A few handy pointers to help you tweak your macros:
- If you find yourself feeling hungry all of the time, replacing some of your intake with protein or fibre can make a big difference.
- If you’re struggling to lose weight, try reducing your carbohydrate intake.
- Sugar cravings can mess with everything! If you’re struggling it’s recommended to try cutting artificial sugar out entirely, as this can help combat the addictive properties of sugar.
- If you’re losing muscle mass, increase your protein intake, just remember you have to keep exercising!

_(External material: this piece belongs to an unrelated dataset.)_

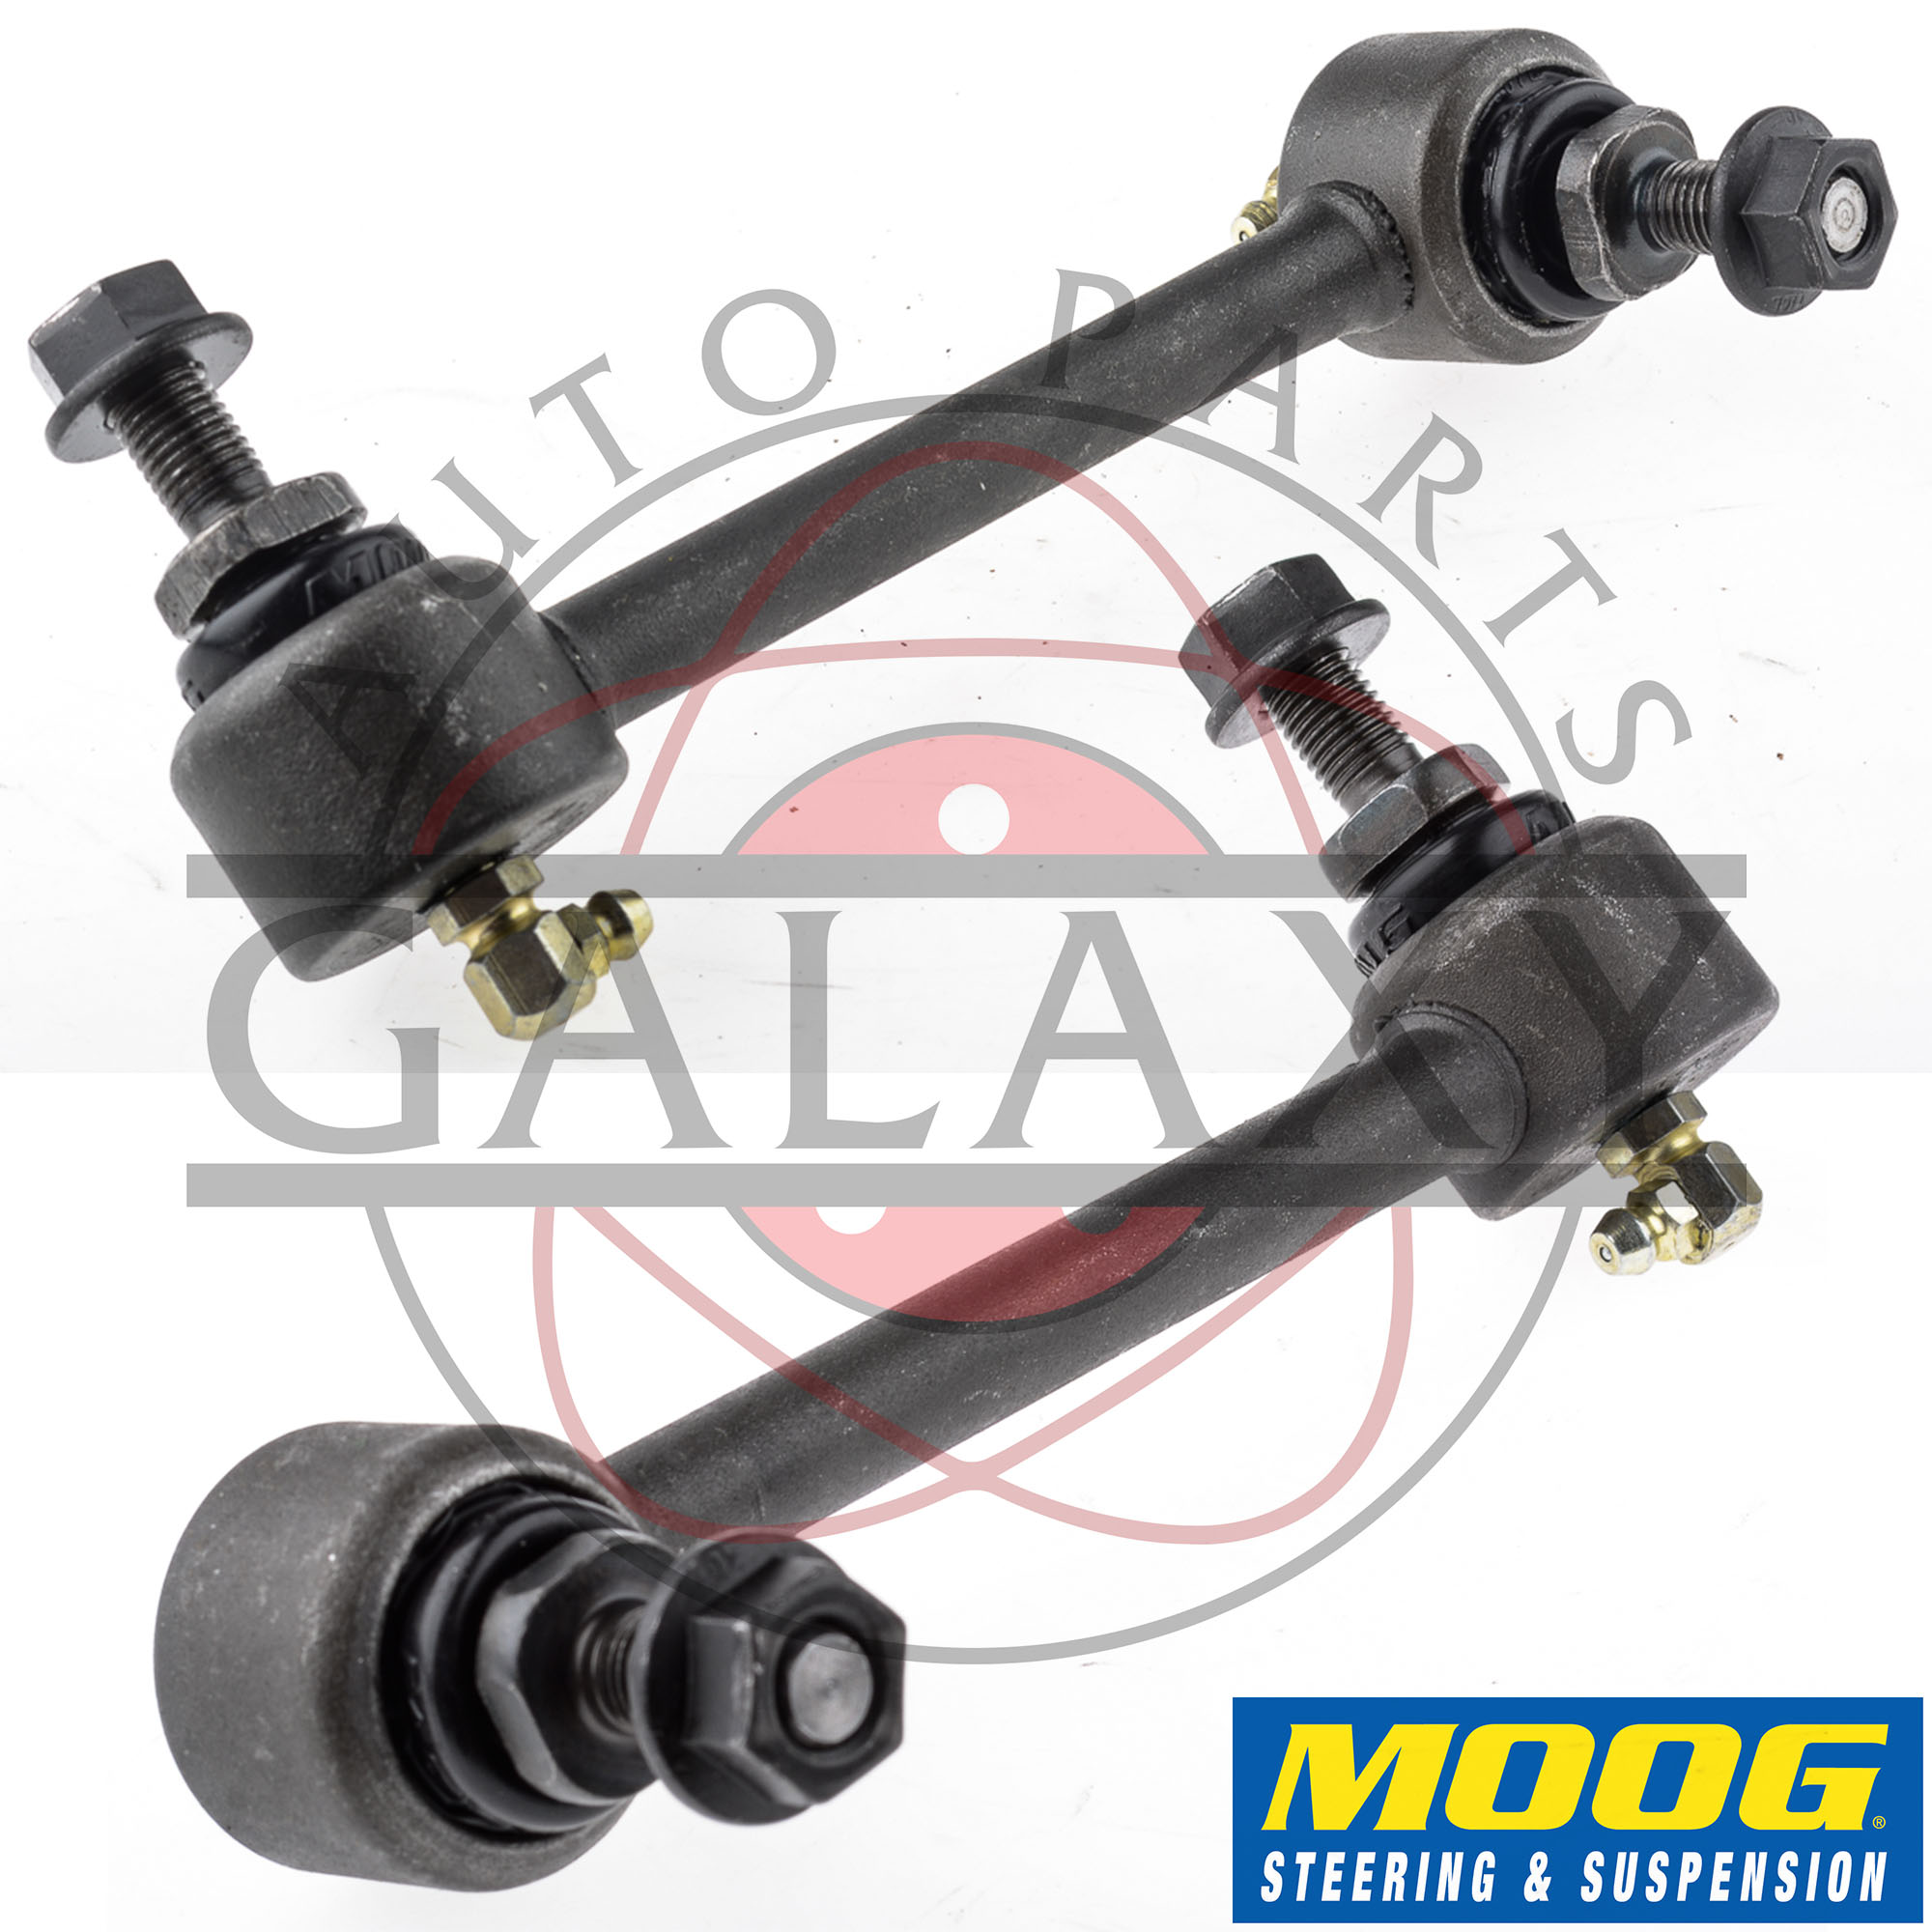 moog new rear sway bar links pair for acura mdx 01 06 honda pilot

- If you’re feeling fatigued, you might need to increase fibre intake as fibre plays an important role in energy conversion. Increasing fibre intake has been shown to offer a number of health benefits too, so it’s probably worth doing!
The takeaway: Don’t stress too hard…
Counting macros can be really beneficial for many of us, whether it’s improving our health or reaching a certain level of fitness. However, monitoring your macros day-in-day-out might have a negative side if you don’t use the information well.
Focusing only on macros can make you think it’s easy to simply eat rubbish. Sure, those three donuts you pop every afternoon might fit your macros, but they probably don’t benefit you or your body when considering the broader side of your nutrition. Basically, don’t forgot that counting macros will only benefit you if you’re making sure to eat good quality food!
Lastly, don’t get obsessional. At Oatein we LOVE food. That’s why we do what we do. It’s ok to enjoy food, enjoy ‘cheat’ meals (arguably calling a meal a cheat meal is a bad move) and don’t let your diet cause you stress.